I dont think The Taliban rely on the support of others quite like the IRA did, so they will continue even after our boys and girls go home, but whatever they do next we should not meddle in it. We are not the world's Policeman. If we were we would have invaded Zimbabwe, and many other countries, by now.

Re: Major offensive in Afghanistan...

Posted: Sun Feb 14, 2010 6:51 pm
by welkram
Had we still been the Worlds policeman there would have been no need to have invaded Zimbabwe as we would already have invaded Rhodesia in the 1960's when they declared UDI.


Re: Major offensive in Afghanistan...

Posted: Mon Feb 15, 2010 10:23 am
by justincyder
Unfortunately the IRA has grown back considereably In Northern Ireland. There are several dozen ASU's in operation along with a support network numbering well over a thousand.

Add to that a swing towards support of dissident Republicans mainly from 'nationalist' petty criminals which has always been a recruitment base for IRA members.

Attacks of various form on security forces take place every other day.


As for funding they're doing just fine, dozens of armed robberies and extortion still plays a part of everday life, tiger kidnappings 2 at least every month.

So coupled with the fact that arms, explosive and ammunition are as cheap as chips compared to days of old and more easily accesible given the collapse of the eatern bloc and the breakdown of borders across Europe, funding need not rely on the support of the Irish community nor America.

The threat posed by republicans now is as high as it ever was. Its just not being reported as much because of other world issues.

It is like a cancer, unless you utterly destroy it it does inevitably grow back. Certainly its been lessened in the past few years but as with most things it was never truly defeated, poltically or militarily.

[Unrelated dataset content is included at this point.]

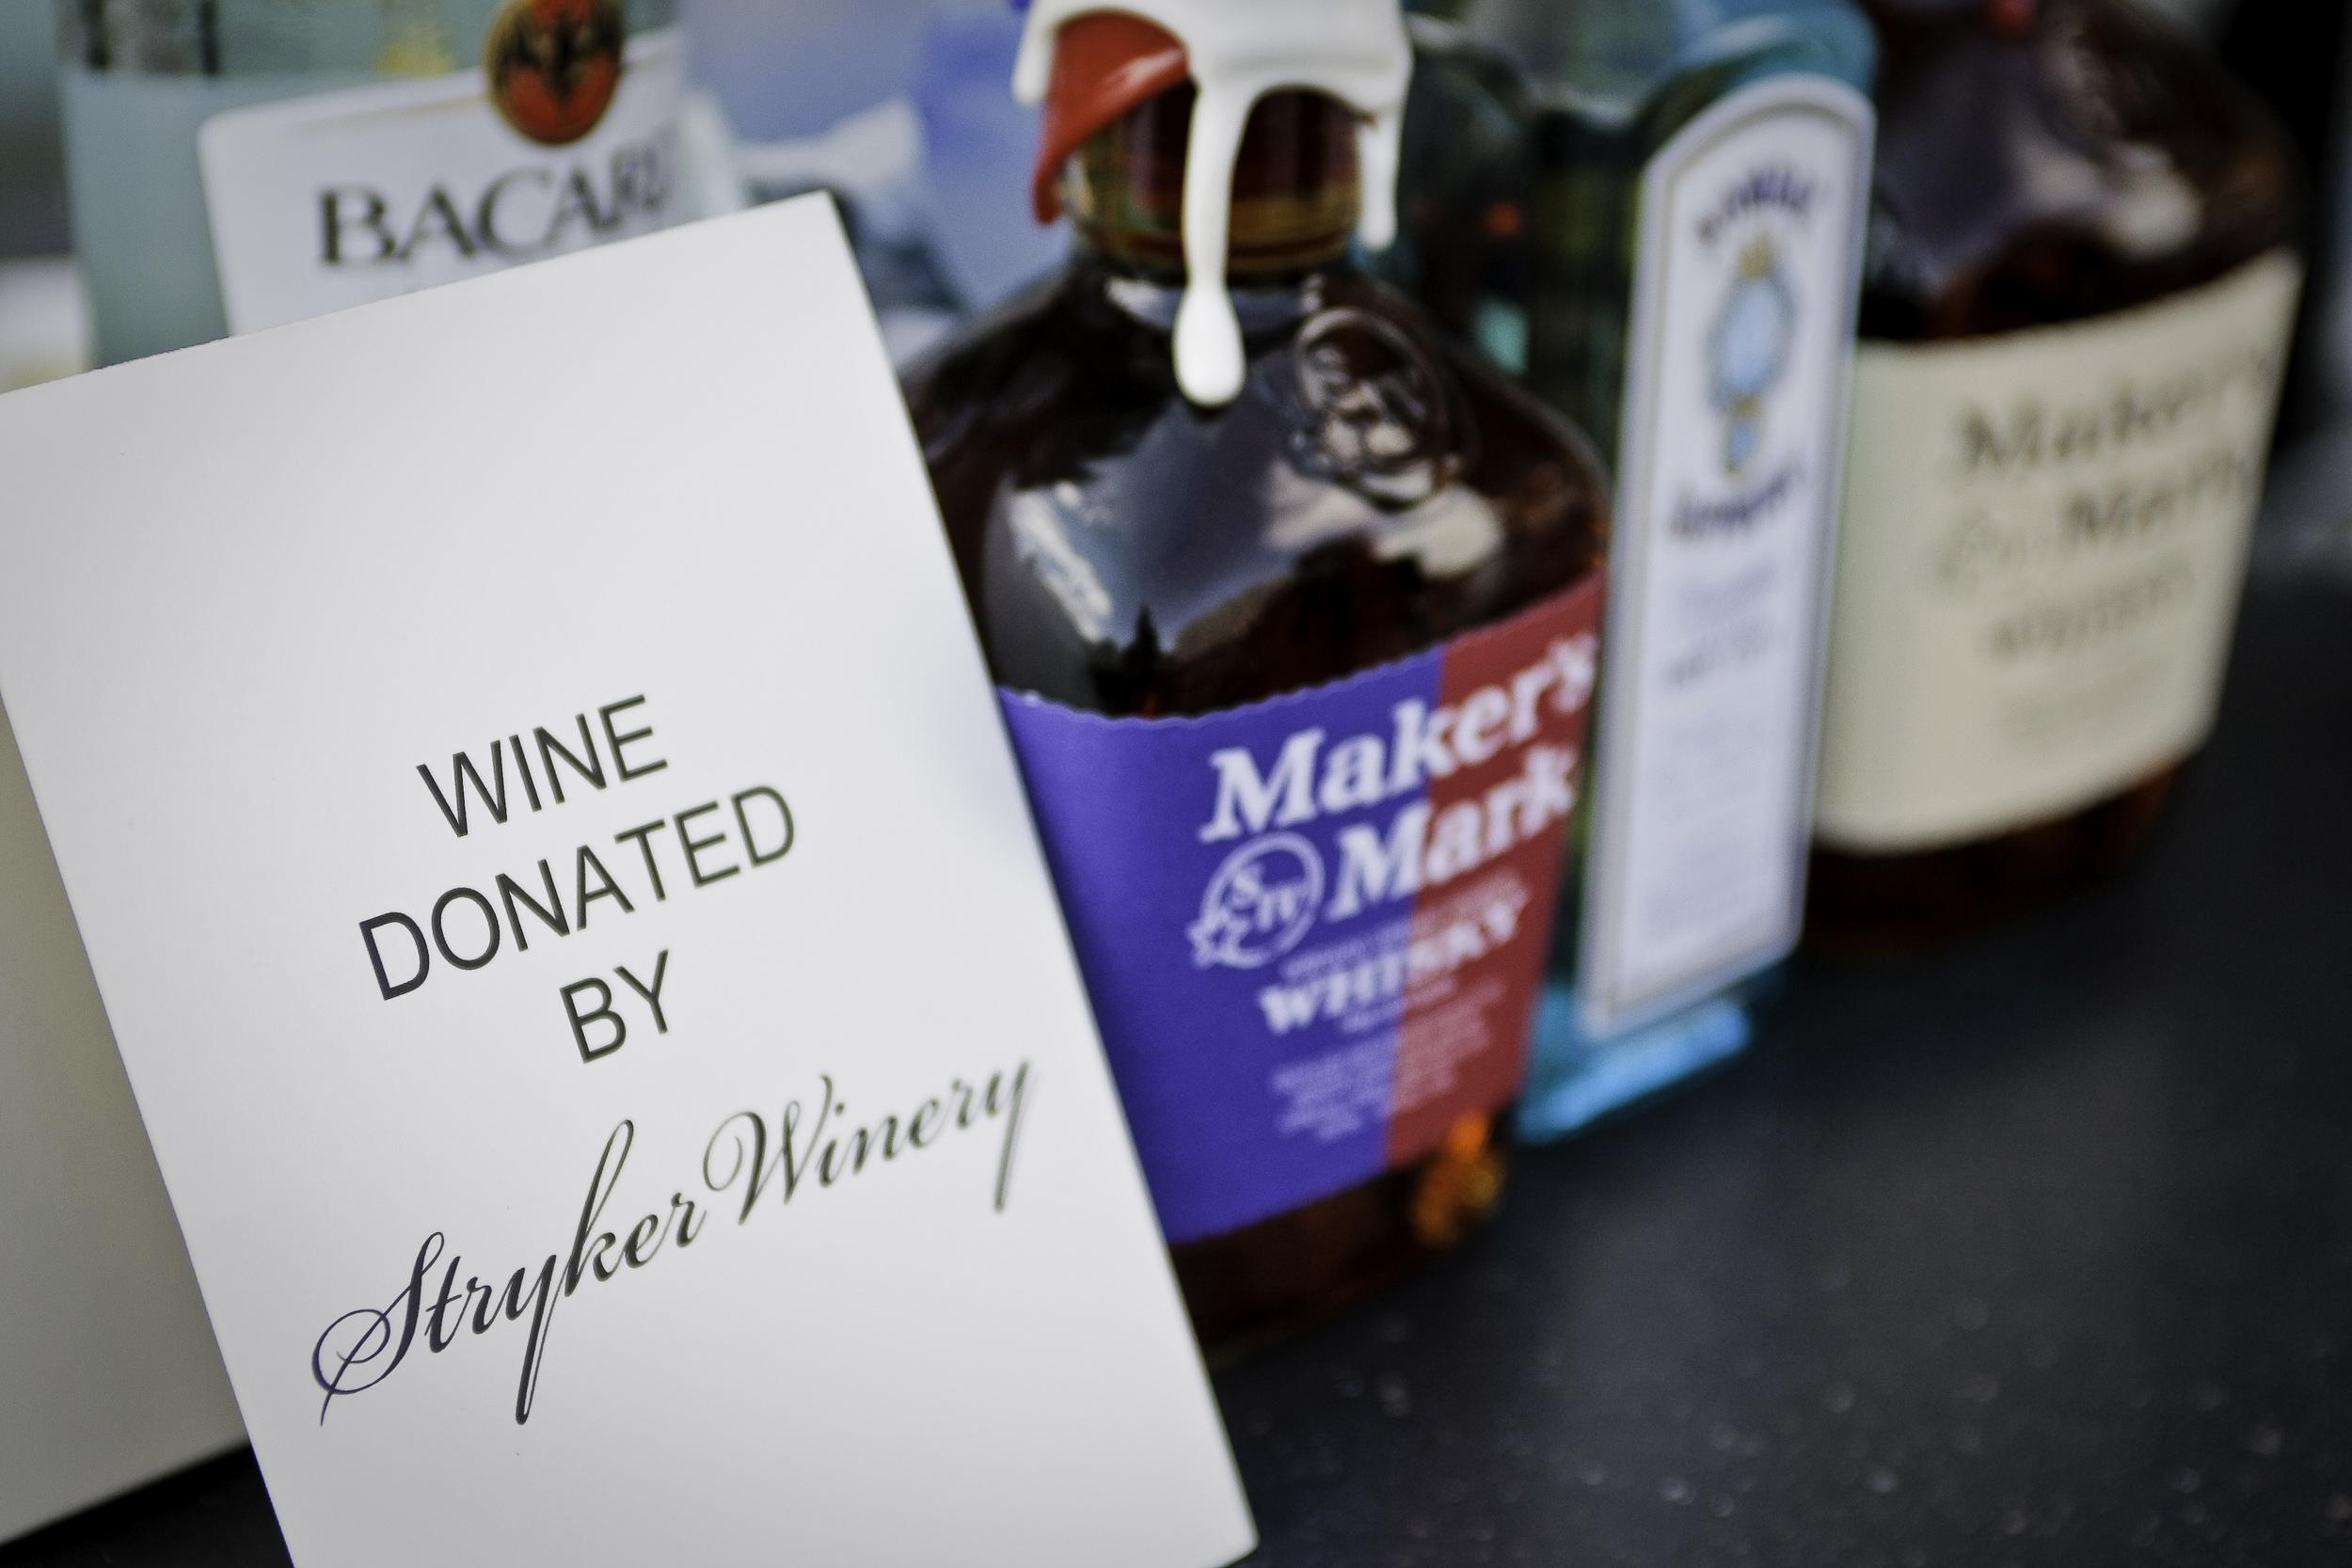 Wine Sponsorship Bar Sign
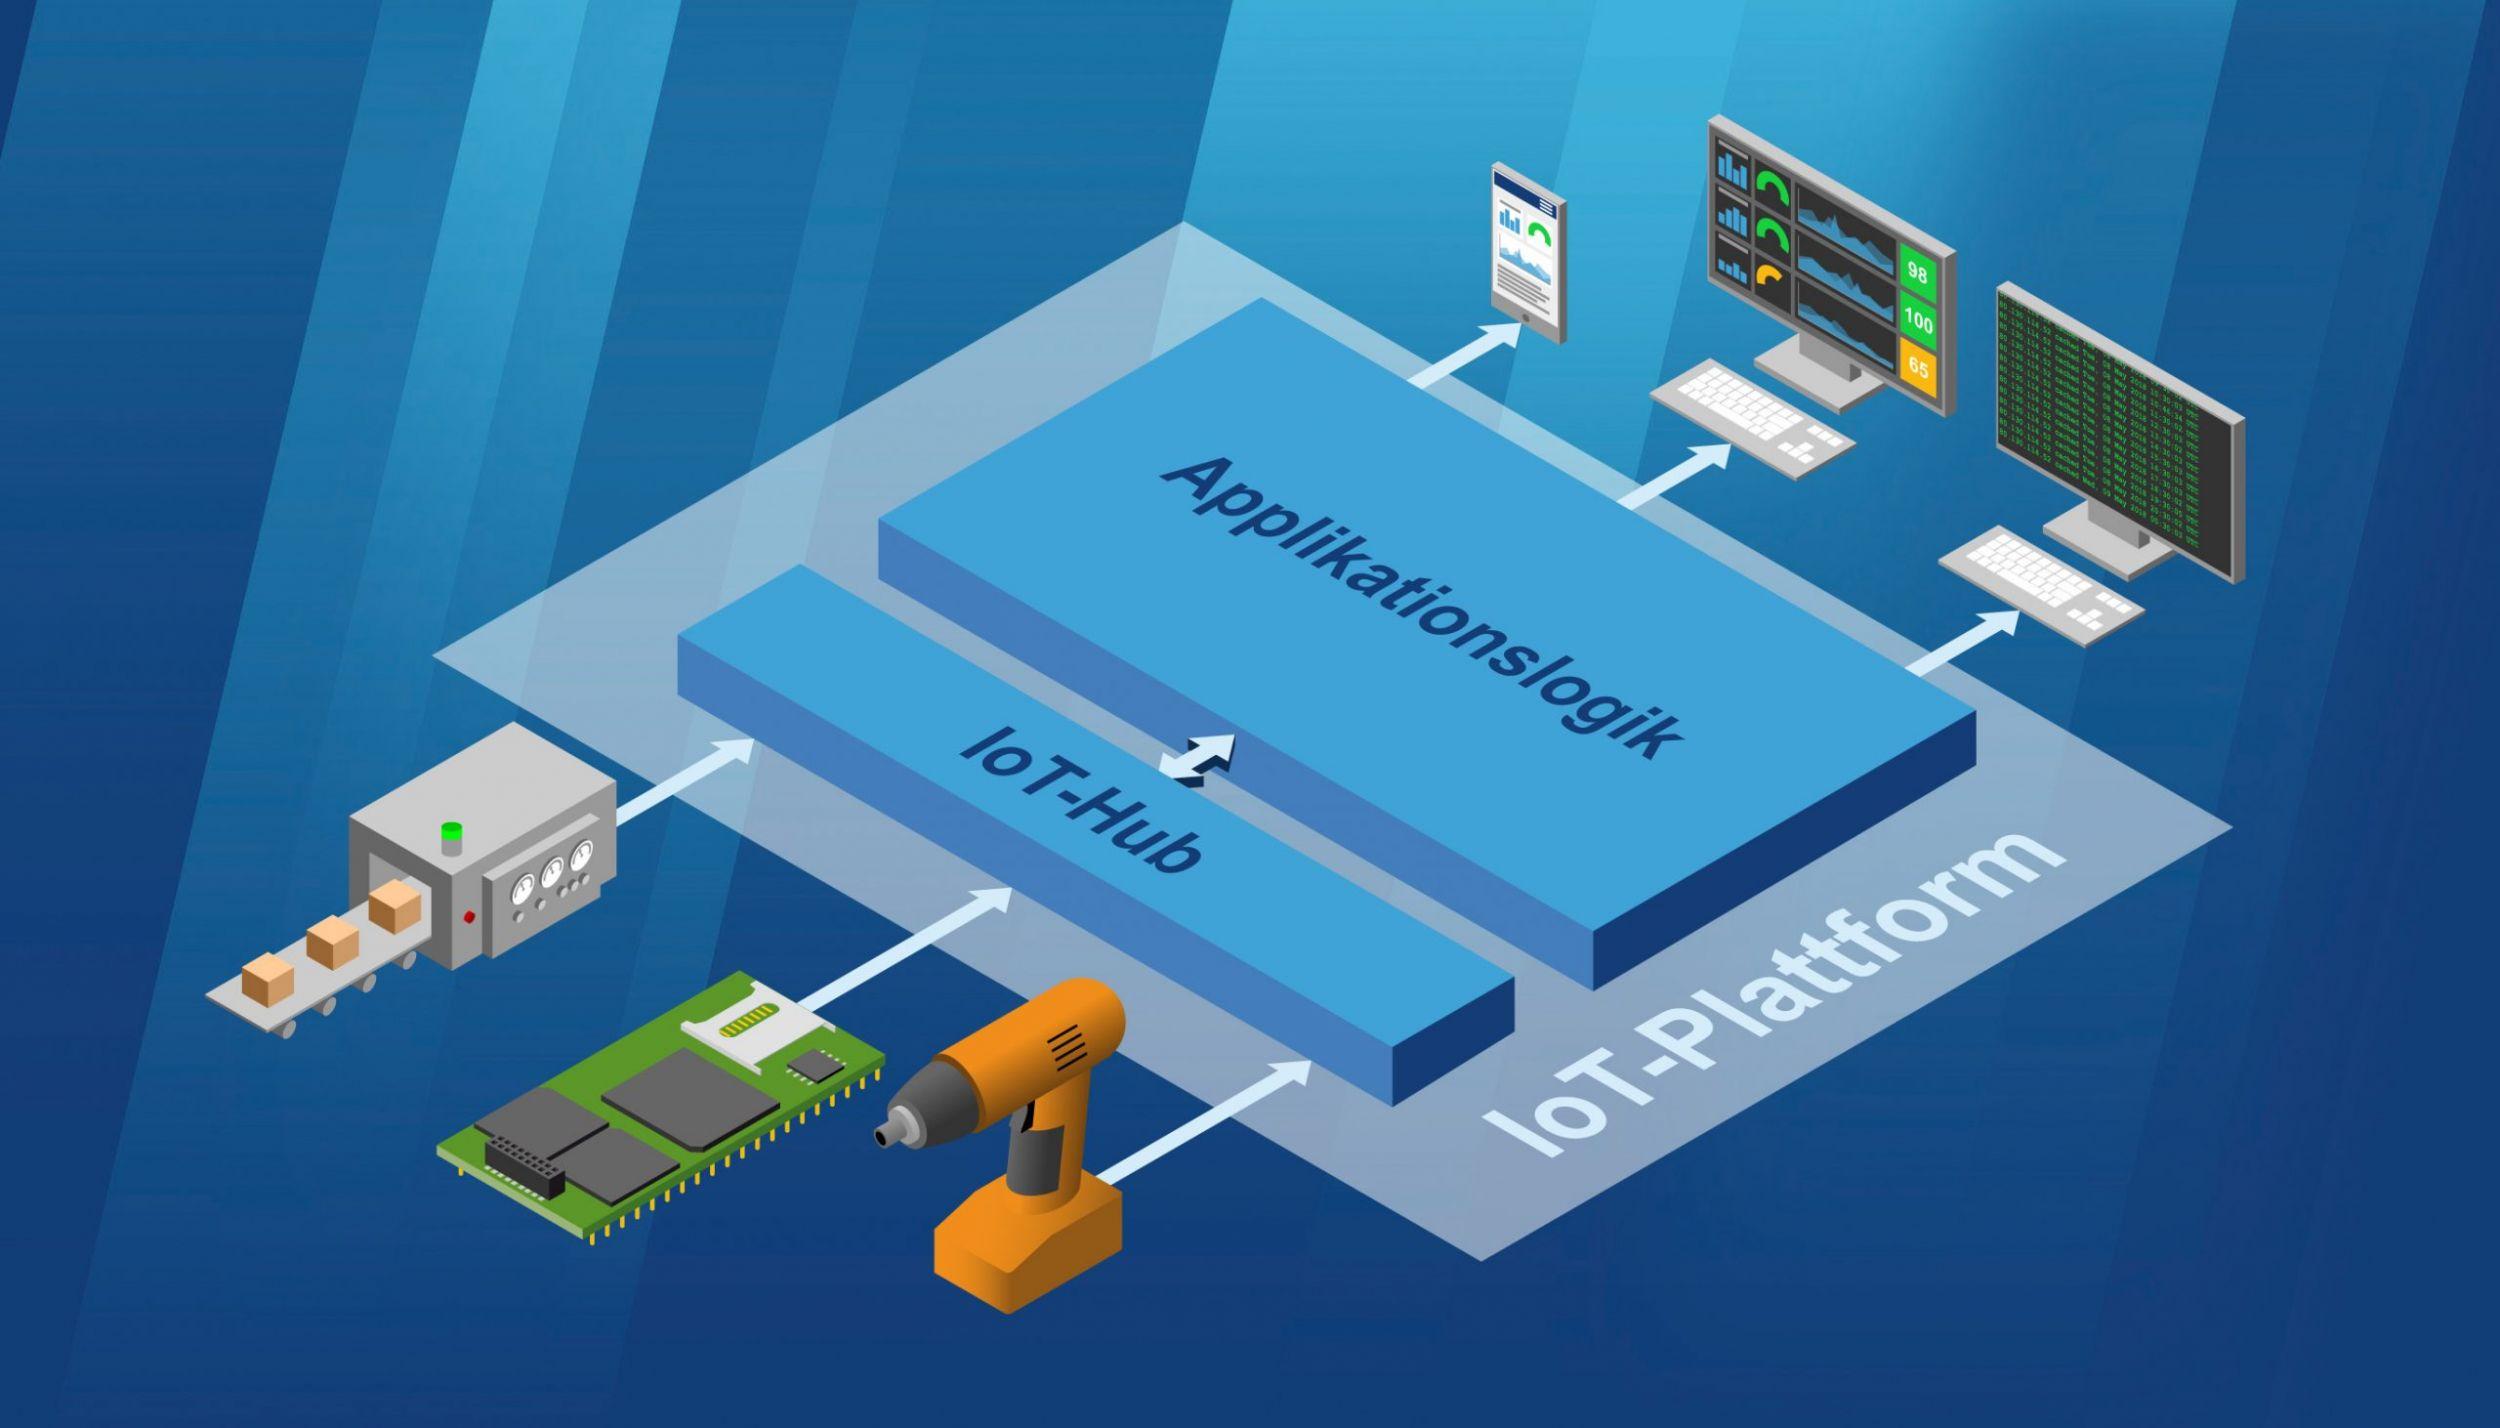 Neues System Development Kit entwickelt

However I'm not sure you can utterly destroy something like that, short of imposing a brutal and draconian policy of rule as the Nazi's did and that didn't work in the end either.

I think ultimately the world just has to live with it, every so often wars will have to be fought to temporaily bring a check to radicalism of varying kind, and people will die, but a eutopia of harmony of human existence is something that will forever remain a pipe dream.